Well, that's a lot to take in, but thanks for going ahead and sharing your thoughts. I'm not going to agree with everything here, especially the controlling part, that I see arguing as winning, or that I'm expecting make-up sex to feel better. That looks cheap and If I was like that she should have left me already.

That's my perspective, however. It could be that she somehow feels like that.


----------



## cabbagesfordays (5 mo ago)

Evinrude58 said:


> He’s holding her hostage now according to you ladies. 😂 y’all are comical. He didn’t say he’s keep it, he just said he’d know if she asked about it, she planned on leaving and didn’t want her to take his child out of the country.
> She kicked him in the nuts and he’s the wife beater.
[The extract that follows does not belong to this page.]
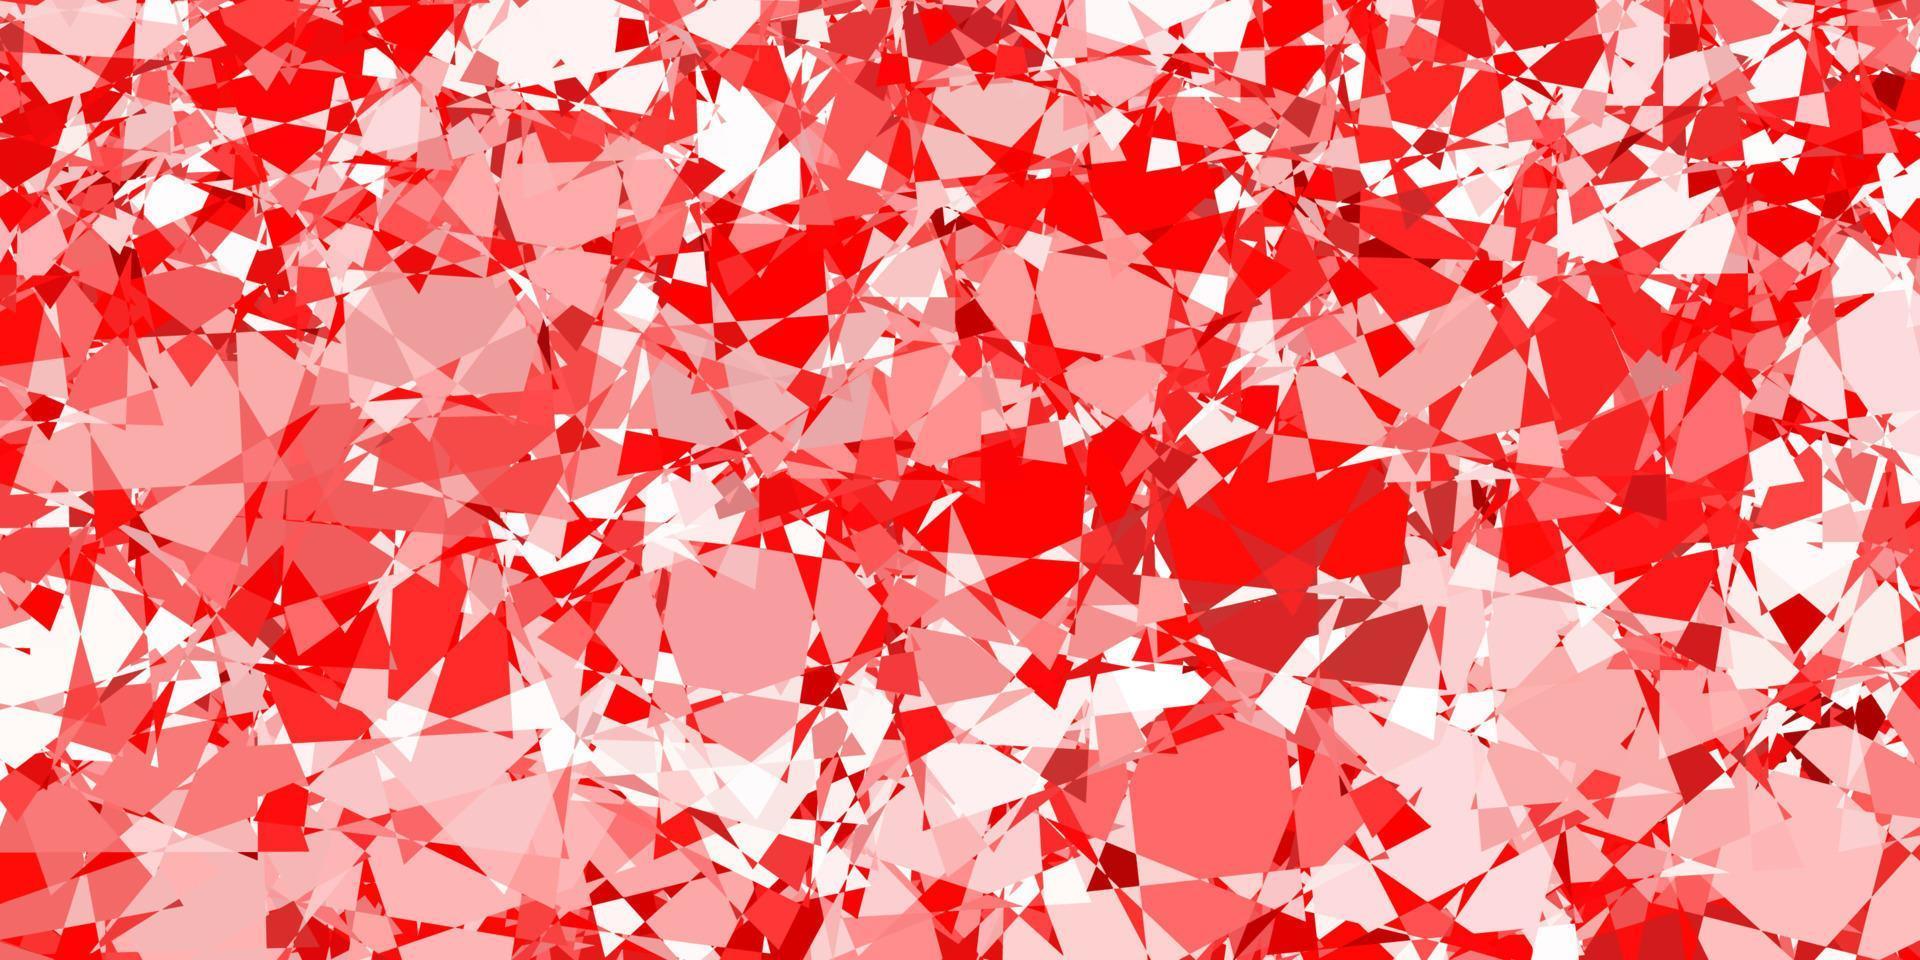 padrão de vetor vermelho claro com formas poligonais.
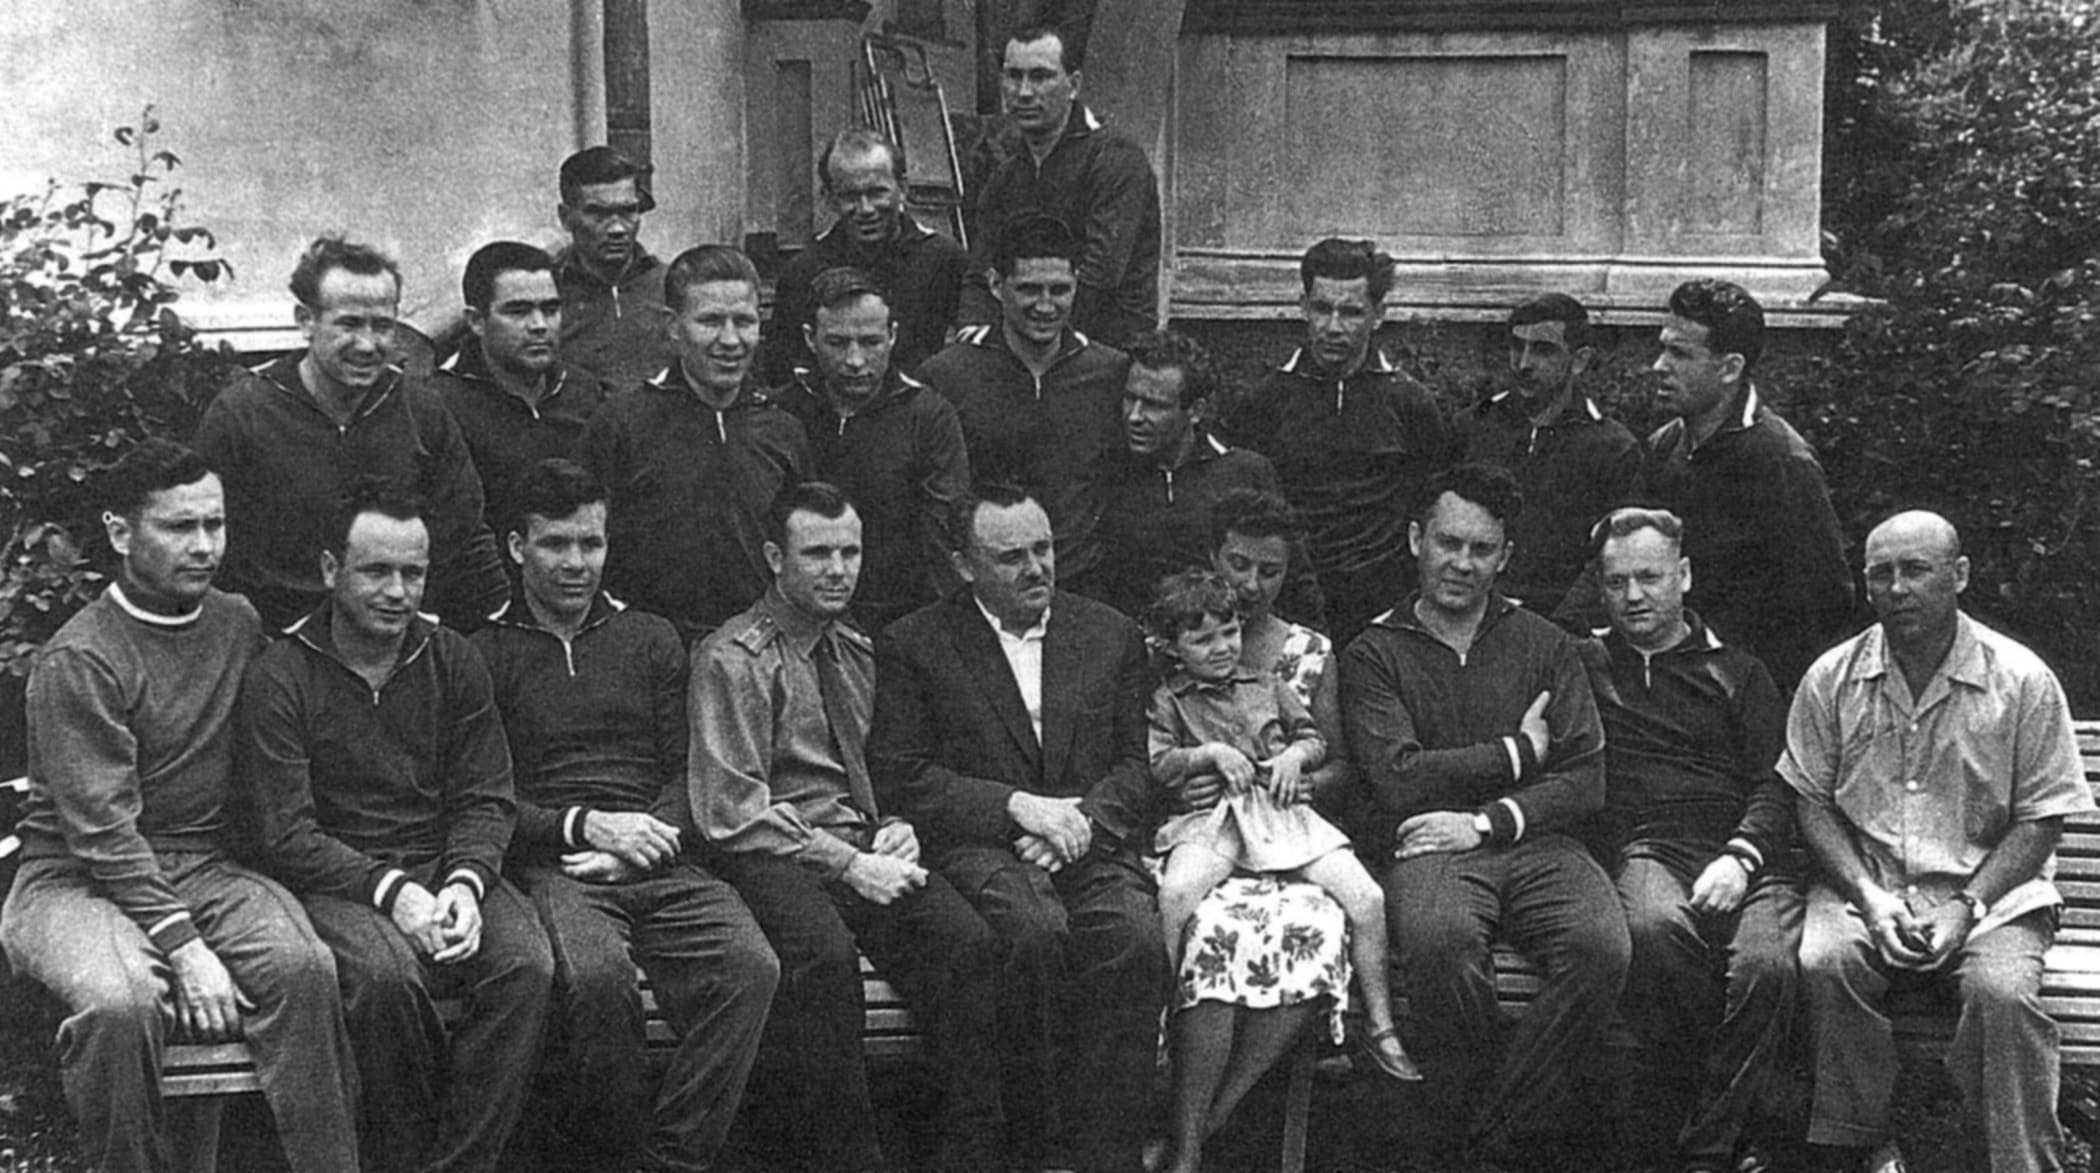 Il gruppo originale dei cosmonauti sovietici in una foto del maggio 1961. Al centro sulla sinistra Jurij Gagarin

Lol. It just keeps getting better and better.
> 
> Raise your voice in an argument? You’re verbally abusive.
> ...


Well, after seeing some of the messages above, yes I am going to be a bit careful. I never said I'm holding anyone hostage.


----------



## In Absentia (Aug 21, 2012)

cabbagesfordays said:


> Well, after seeing some of the messages above, yes I am going to be a bit careful. I never said I'm holding anyone hostage.


yes, but... do you really want to risk your son being take to South Korea and never see him again? It happens all the time. If you have a safe, put them in there for the time being.


----------



## TexasMom1216 (Nov 3, 2021)

DownByTheRiver said:


> Unlawful restraint or false imprisonment.
> She can simply report it stolen and order another one and report it to the police.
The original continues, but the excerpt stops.